# can i bypass Rapidshare timelimit.....?



## satyamy (May 30, 2007)

Is their any trick or software to bypass rapidshare timed download limit.
I was downloading some games from Rapidshare it have 8 parts of 100mb
i download 1 part in approx 15min
but after this rapidshare says wait 80min
can i by pass this

or any software which can hide my IP from this so i can downlaod it.......?


----------



## Choto Cheeta (May 30, 2007)

Not legel to trick RS.com as they are a paid service in this regards,

Only think u could do is, Hoping that u are in Dynamic IP, so that if u Reconnect the internet, each time ISP will issue a new IP for ur Computer !!!


----------



## satyamy (May 30, 2007)

Choto Cheeta said:
			
		

> Not legel to trick RS.com as they are a paid service in this regards,
> 
> Only think u could do is, Hoping that u are in Dynamic IP, so that if u Reconnect the internet, each time ISP will issue a new IP for ur Computer !!!


 


Mine is static IP
always one same IP


----------



## Choto Cheeta (May 30, 2007)

sorry then Legelly now what ever u do to bypas the download limit of the RS.com will be violation of their ToS


----------



## satyamy (May 30, 2007)

Choto Cheeta said:
			
		

> sorry then Legelly now what ever u do to bypas the download limit of the RS.com will be violation of their ToS


 
ok



			
				Choto Cheeta said:
			
		

> sorry then Legelly now what ever u do to bypas the download limit of the RS.com will be violation of their ToS


hey i saw the relative threads in the bottom & found 1 solution  , so is this legal or illegal?


----------



## dinesh1 (May 30, 2007)

dear go to this site
very use full trick for RS
and this is legal way
h**p://www.cmszone.org/portal/


----------



## Choto Cheeta (May 30, 2007)

Rapidshare said:
			
		

> Free users have to enter some letters before the downloads start in order to have the permission to use the infrastructure of RapidShare for free.
> Free users may only download a certain amount of Megabytes per hour.
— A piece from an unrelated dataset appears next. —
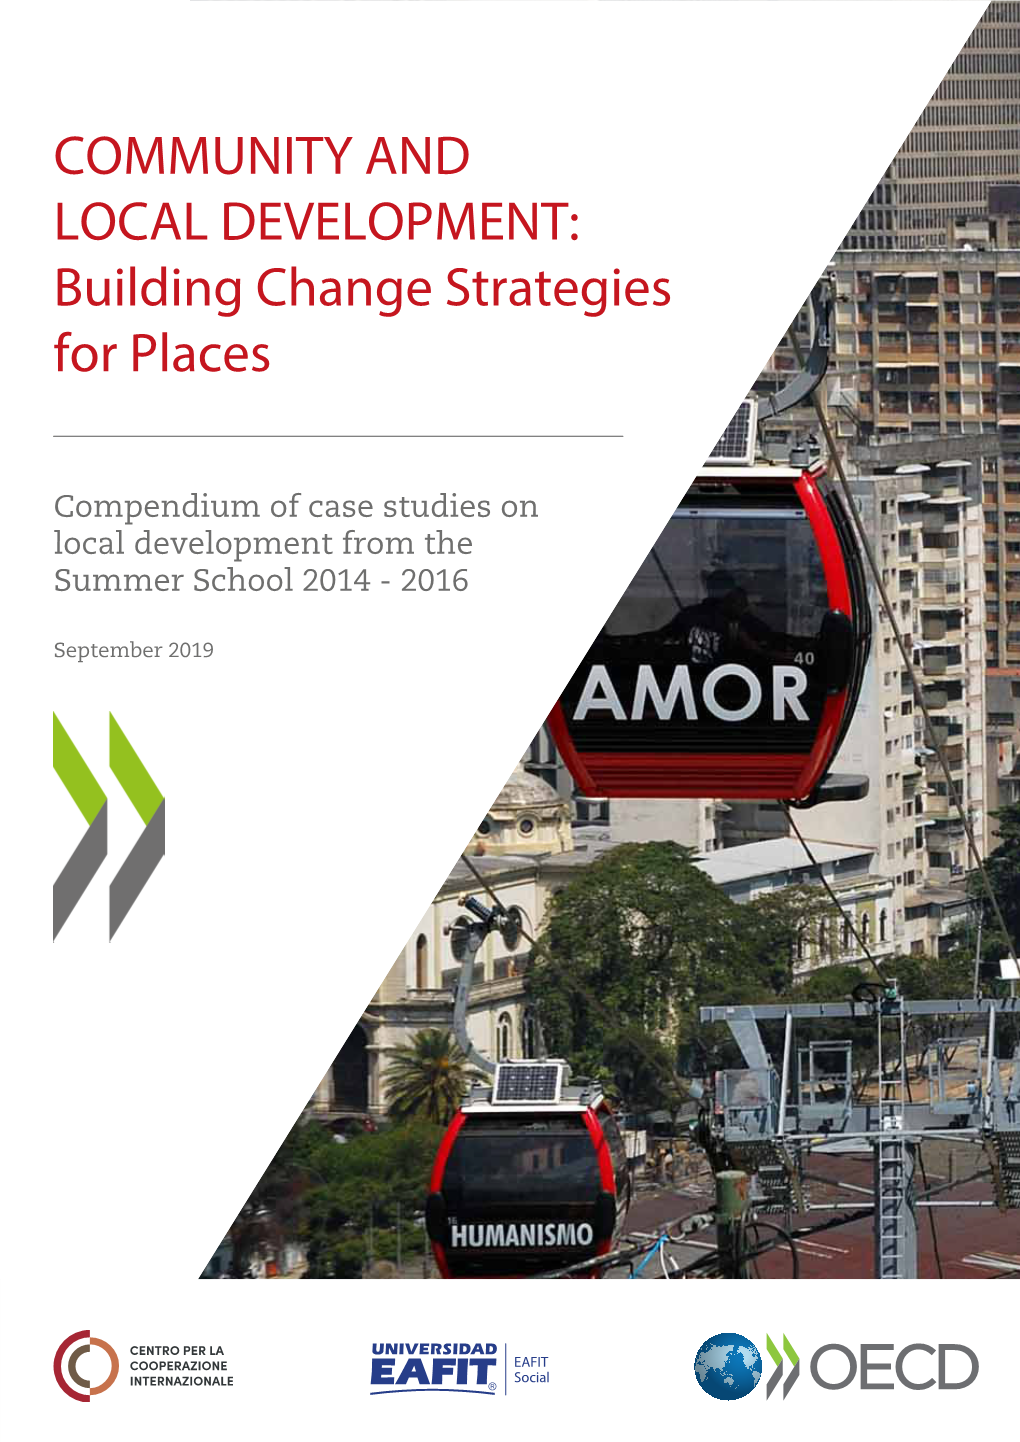 COMMUNITY and LOCAL DEVELOPMENT: Building Change Strategies for Places
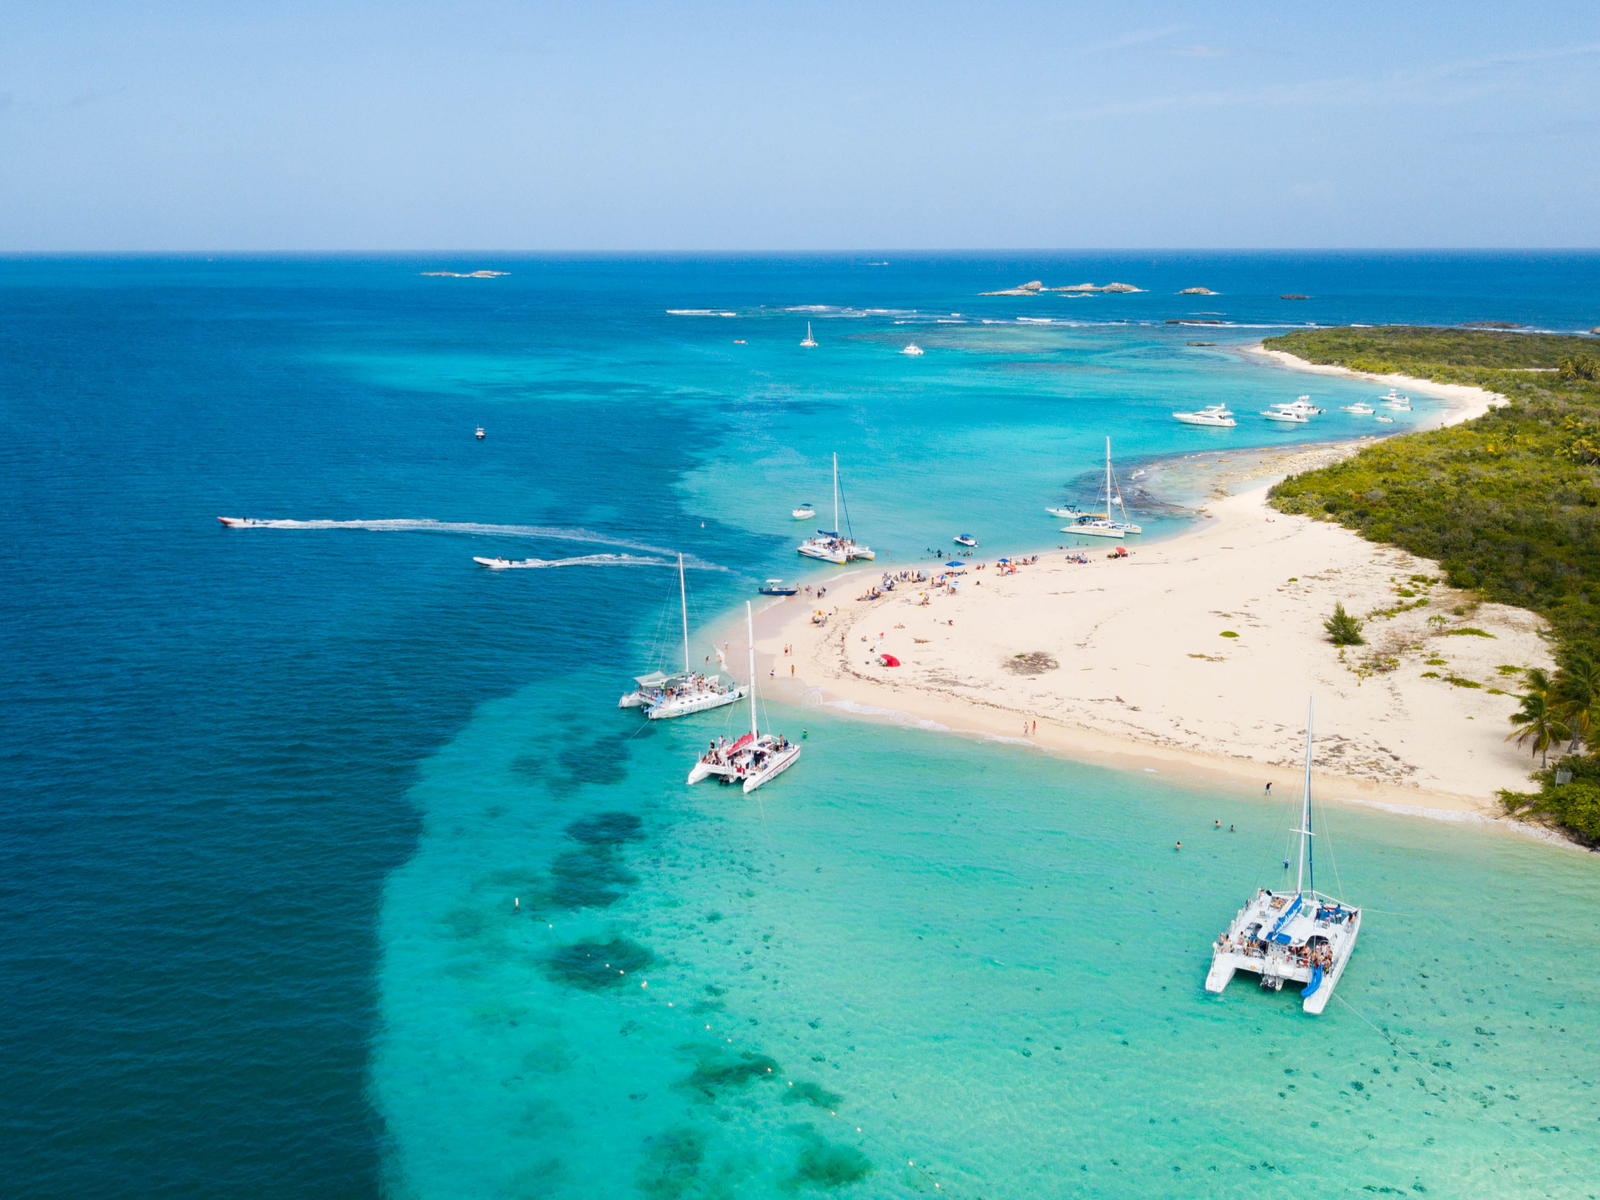 Passenger boats docked on the shallow clear water and two speedboats rushing at a distance from the isolated island of Cayo Icacos. considered one of the best places to visit in Puerto Rico

If this amount is exceeded, a message will appear.
> If a free user violates this terms of use, RapidShare has the right to permanently ban the free user from the RapidShare network.
> People writing programs with the goal to violate our terms of use will be made fully responsible for the financial losses/damages.



Any process followed to cheat their system is ilegal


----------



## Saharika (May 31, 2007)

Choto Cheeta said:
			
		

> Any process followed to cheat their system is ilegal


good advocacy..and me too not supportor of piracy..
but i some time want to ask are you using the paid OS..ok ..even if yes...
are you using the paid office pack..
are you using the paid email client...
are....
and more over in this part of world computer is 2 times cheper than some major license of the soft....
and even so called big universities who are paying some thing....ok leave general user ..are not abiding by all TOS of license if we go word by word...

any way nothing to prove..i think it is just look before you...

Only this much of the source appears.